Bahariniya S, Ezatiasar M, Madadizadeh F. A Brief Review of the Types of Validity and Reliability of scales in Medical Research. JCHR. 2021; 10 (2) :100-102
Dear Editor in Chief
Reliability and validity are concepts used to evaluate the quality of  psychometric properties of a scale in medical research. Reliability is related to reproducibility, and validity is related to the accuracy of a scale. It is important to check reliability and validity when using a scale or questionnaire. The present study provides a brief overview of the types of validity and reliability in medical research.
  • Reliability
Reliability deals with whether the measuring instrument in different repetitions with the same conditions and the same subject group offers the same results or undergoes a drastic change (1). In other words, reliability refers to the stability of the results in the repetitive measurement of a scale.
The different types of reliability measurement methods are as follows (2)
  1. Test-retest reliability
In this method, the subjects are measured twice
at intervals of one or two weeks with the same instrument. Finally, the correlation (usually intraclass correlation coefficient (ICC) through two way mixed-effect model with absolute agreement type) is calculated between the scores recorded in the first and second measurements.

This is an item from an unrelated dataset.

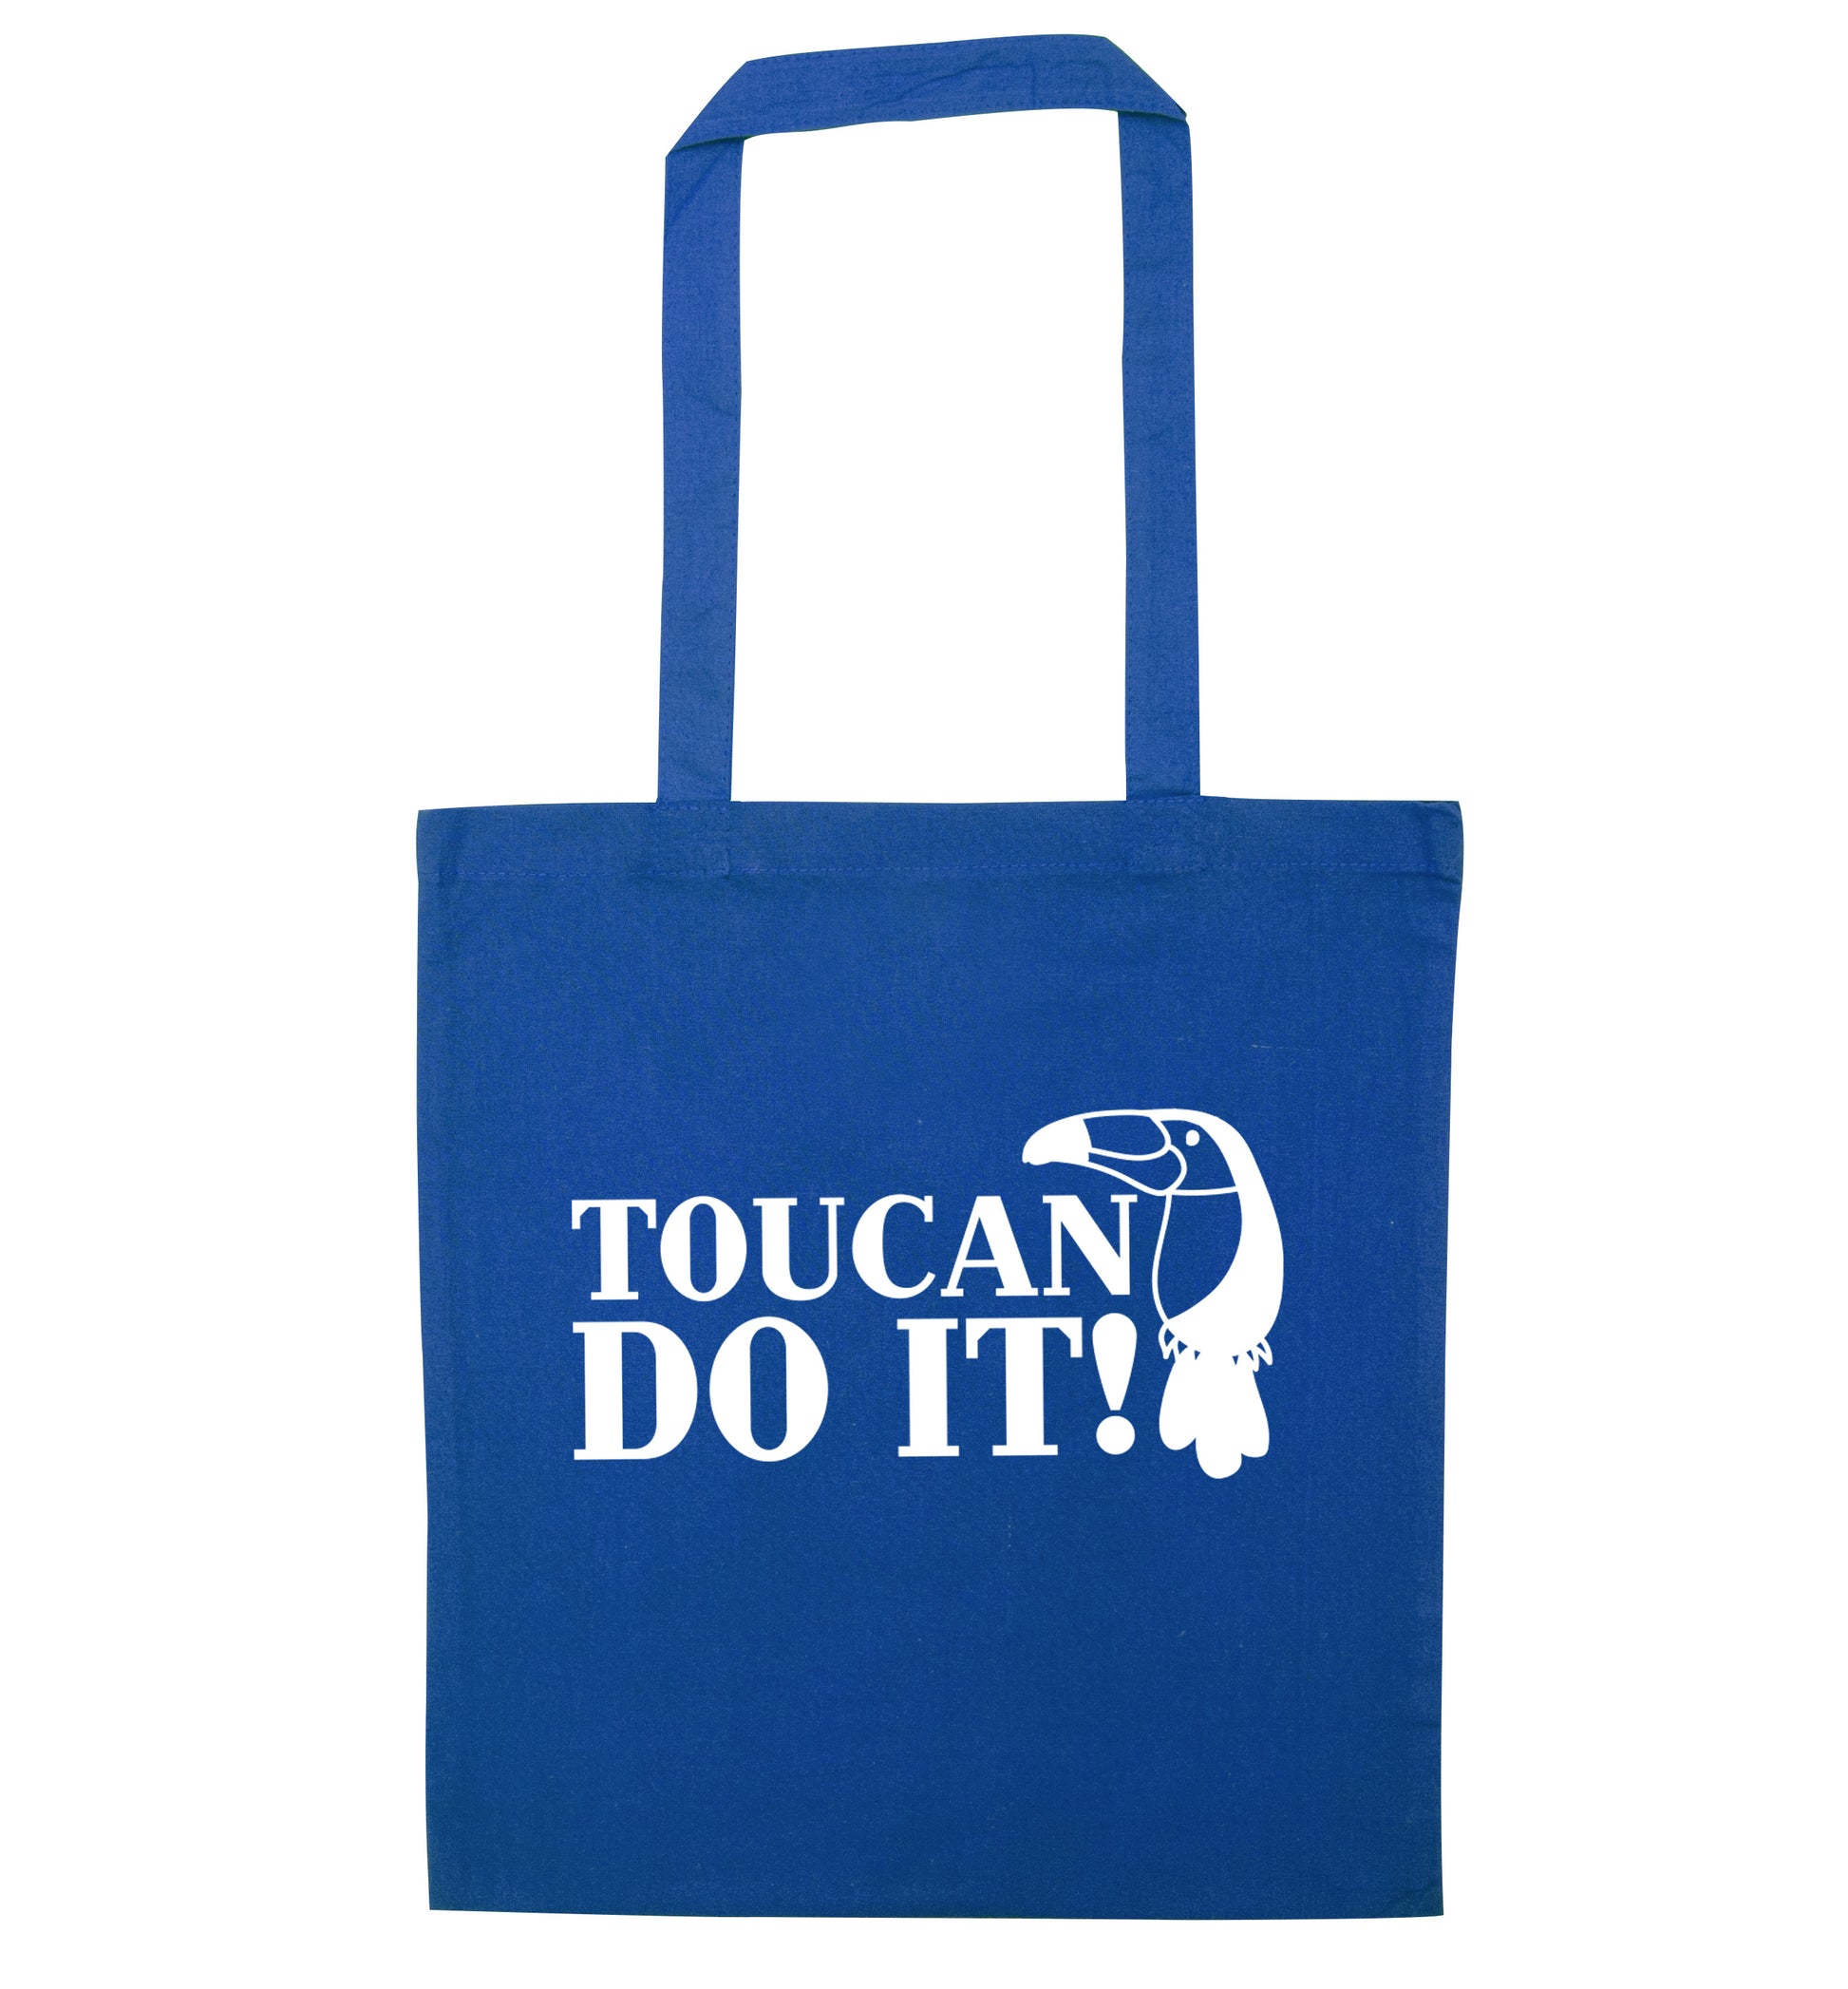 Toucan do it! blue tote bag

  1. Interrater reliability
This method examines whether different people will achieve the same results if they use the desired tool or not. ICC and Kappa statistics used to measure interrater reliability for ordinal/interval and nominal responses, respectively (2).
  1. Internal consistency
In this method, the internal consistency of the questions is examined. In other words, the question is answered whether the results of different parts of the tool are in line with the general results of the tool or not.
Kuder-Richardson Formula 20 (KR20), ' 'Cronbach's alpha (α), and person separation reliability (R) are three criteria for calculating internal consistency. The internal consistency of a tool is strongly influenced by random responses so that by increasing random responses in the data, the degree of internal consistency decreases (3).
  • Validity
Validity is a term that refers to the goal that the test is designed to achieve. It is adapted from the word "correct and permissible," and its meaning is "correctness." In other words, validity means how accurately a scale measures what is designed to be measured. If the research is highly valid, it means that it produces results that are consistent with reality.
The different types of validity measurement methods are as follows:
  1. Face validity
It deals with the appearance of the tool, and the question is whether the scale you are considering is valid or not. Usually, word shifting can improve face validity to some extent. In fact, face validity examines the level of difficulty, the degree of appropriateness, and ambiguity of questions in scale or questionnaires. Face validity can be measured in two ways, qualitatively and quantitatively. In the qualitative method, several subjects or specialists (usually 5 to 10 people) are interviewed about the level of difficulty, appropriateness, and ambiguity in the questions.
In a quantitative method, respondents are asked to rate each question in the questionnaire from "Not at all important," "Slightly Important," Important," "Fairly Important," and "Very Important." Finally, the average rating given to each question is calculated and multiplied by the percentage of people who considered that question important and very important, and finally, a score is calculated for each question. Questions with a score of less than 1.5 will be removed from the set of questions (4).
  1. Content validity
In this method, the content of the scale is examined. Content validity can be evaluated qualitatively and quantitatively. In the qualitative method, experts are asked to express their views on the observance of language grammar and how to score each question's options. If corrections are needed, corrections should be made according to their opinion (5). In the quantitative method, the content validity ratio (CVR) is calculated by examining the necessity of having a question, and the content validity index (CVI) index is calculated to check the relevance of the question to the purpose of the research (6).
  1. Construct validity
Construct validity refers to the degree of efficiency of a scale and seeks to answer whether the results presented by the tool in question are consistent with theoretical evidence. This type of validity can be checked by factor analysis (exploratory and confirmatory factor analysis)
  1. Criterion validity
This type of validity compares the scale results with the results of other existing scales with the same meaning. The two most common forms of validity are predictive validity and concurrent validity (other types are convergent and discriminant). In predictive validity, based on the current scale, the characteristics of individuals in the future are predicted, and in simultaneous validity, the current instrument simultaneously examines the status of the participants with an existing instrument and compares their results. Pearson correlation coefficient is a measure to check this type of validity (8).
In summary, the validity and reliability of the tool are major concerns for health researchers. Tools that do not have the required validity and reliability do not provide reliable results. Researchers need to be familiar with the concepts of validity and reliability that are briefly presented in this article to be used in research desirably and thus pave the way to increase health research quality.
Author's contribution
S.B. and F.M. conceived of the presented idea. S.B. wrote the manuscript with support from F.M., S.B., and F.M. read the manuscript and verified it.
Conflict of interest
The author had no conflict of interest.